**PROBLEM TO WORK ON:**
With the pictures left out, copy the listing below exactly.
*** RECORDED INFORMATION Section Begins ***
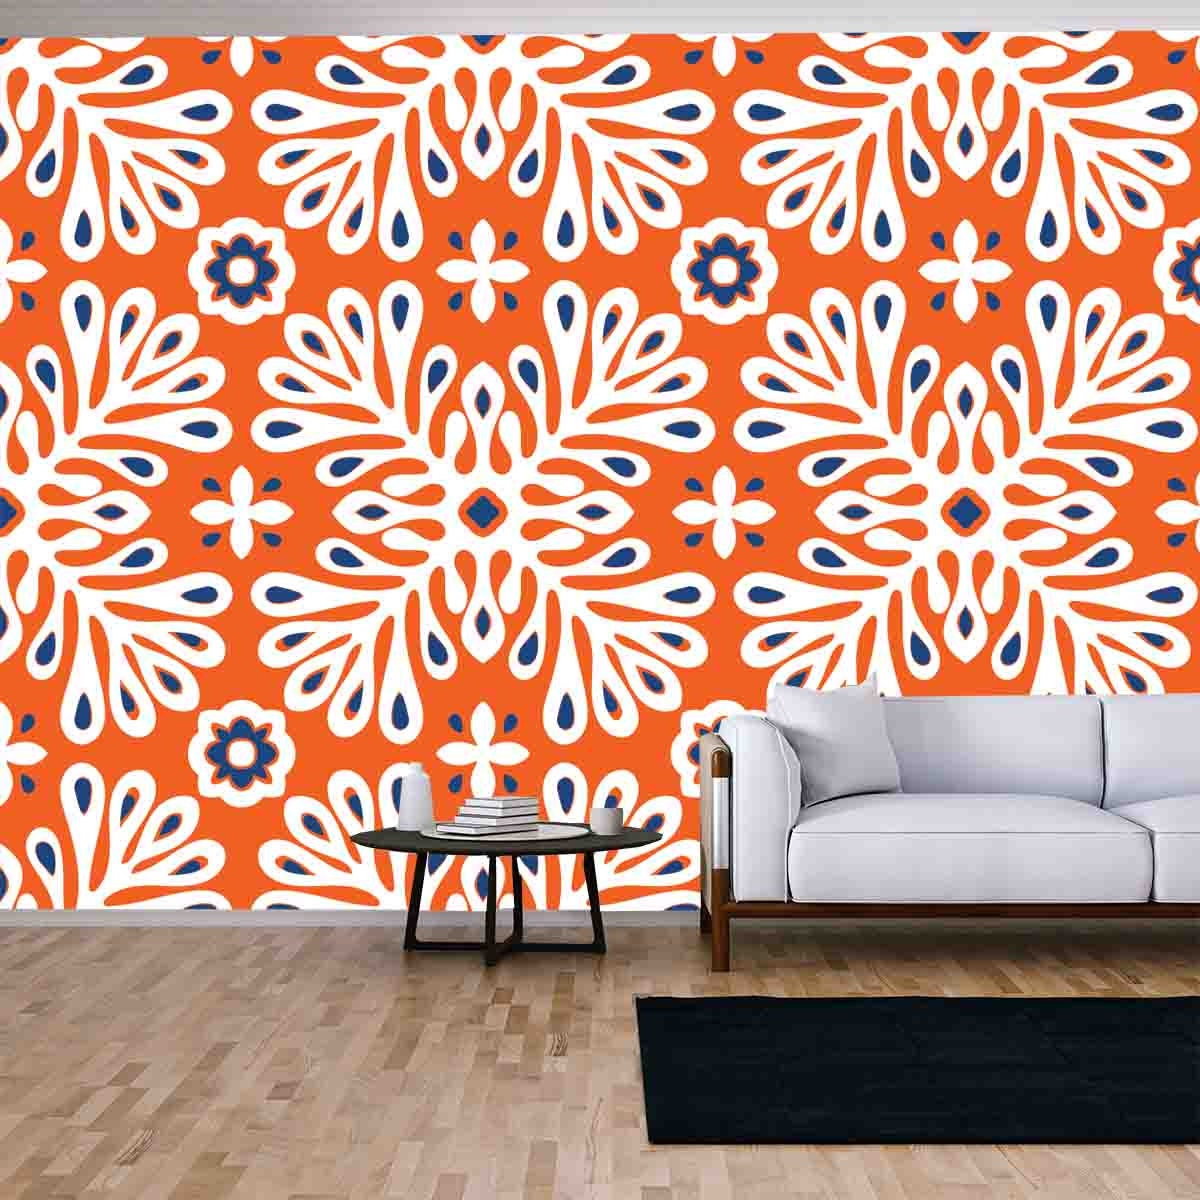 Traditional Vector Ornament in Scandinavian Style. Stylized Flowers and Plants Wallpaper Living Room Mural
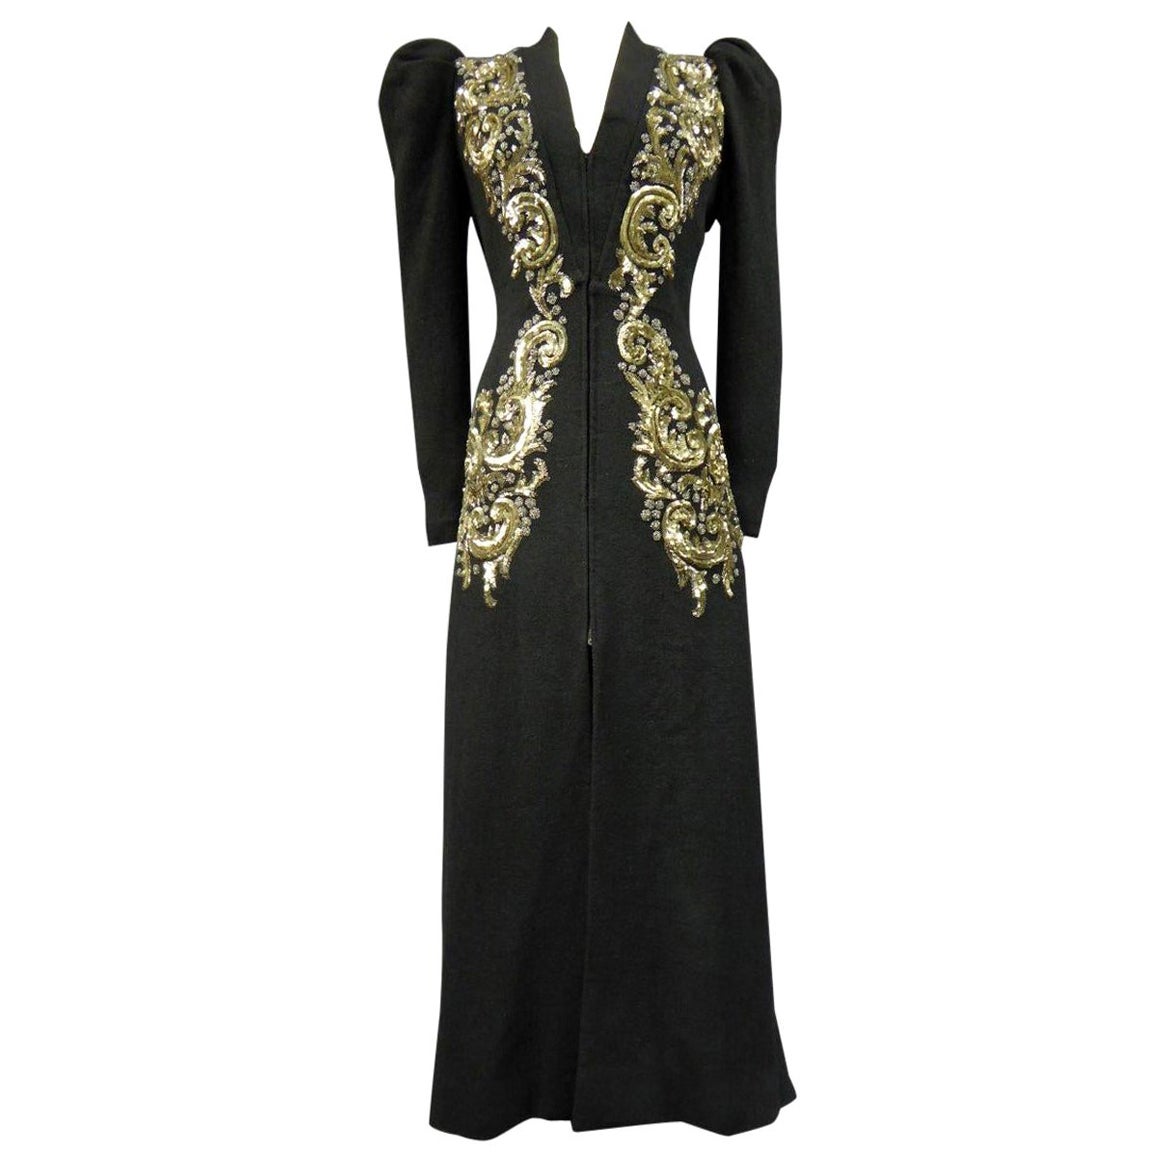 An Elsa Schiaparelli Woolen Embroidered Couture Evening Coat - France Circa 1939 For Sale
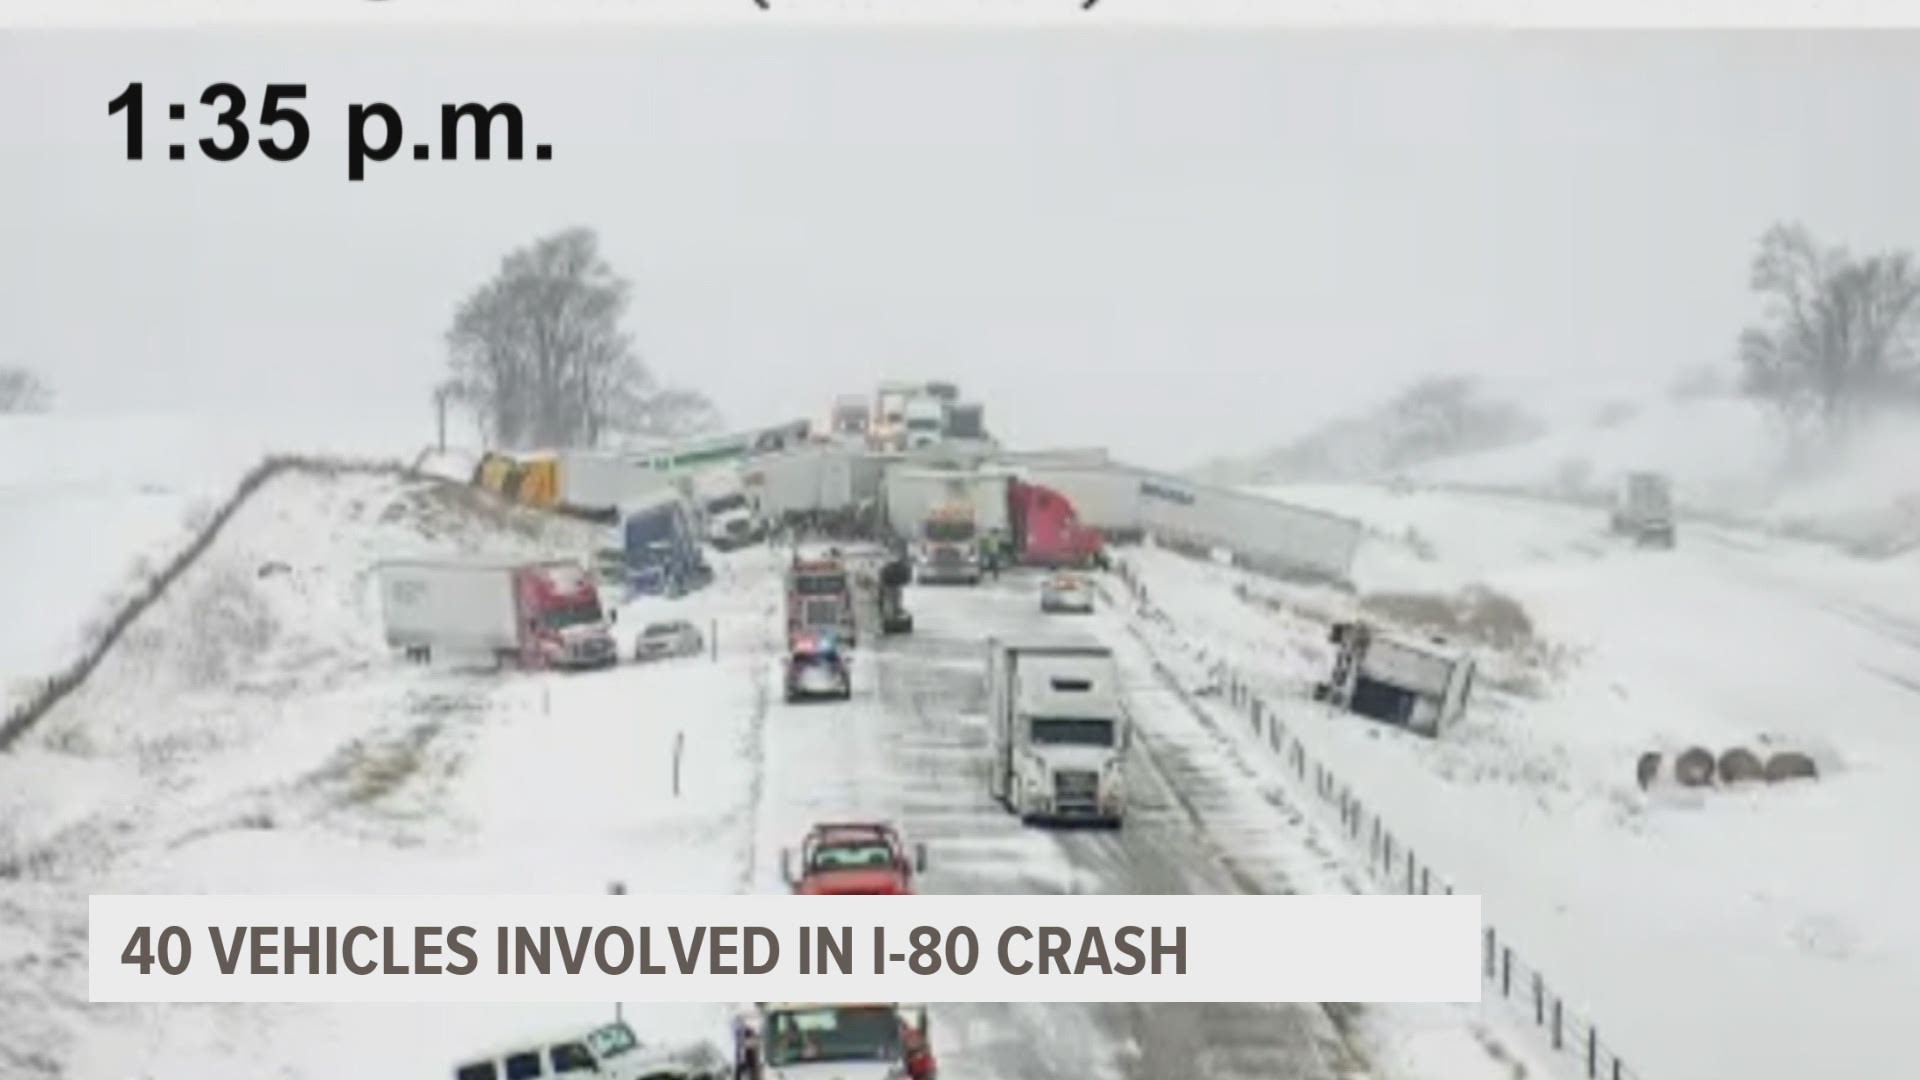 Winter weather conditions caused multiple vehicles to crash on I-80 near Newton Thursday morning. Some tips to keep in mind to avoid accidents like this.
*** RECORDED INFORMATION Section Ends ***
**OUTPUT OF THE EXERCISE:**
 Traditional Vector Ornament in Scandinavian Style. Stylized Flowers and Plants Wallpaper Living Room Mural
 An Elsa Schiaparelli Woolen Embroidered Couture Evening Coat - France Circa 1939 For Sale
 Winter weather conditions caused multiple vehicles to crash on I-80 near Newton Thursday morning. Some tips to keep in mind to avoid accidents like this.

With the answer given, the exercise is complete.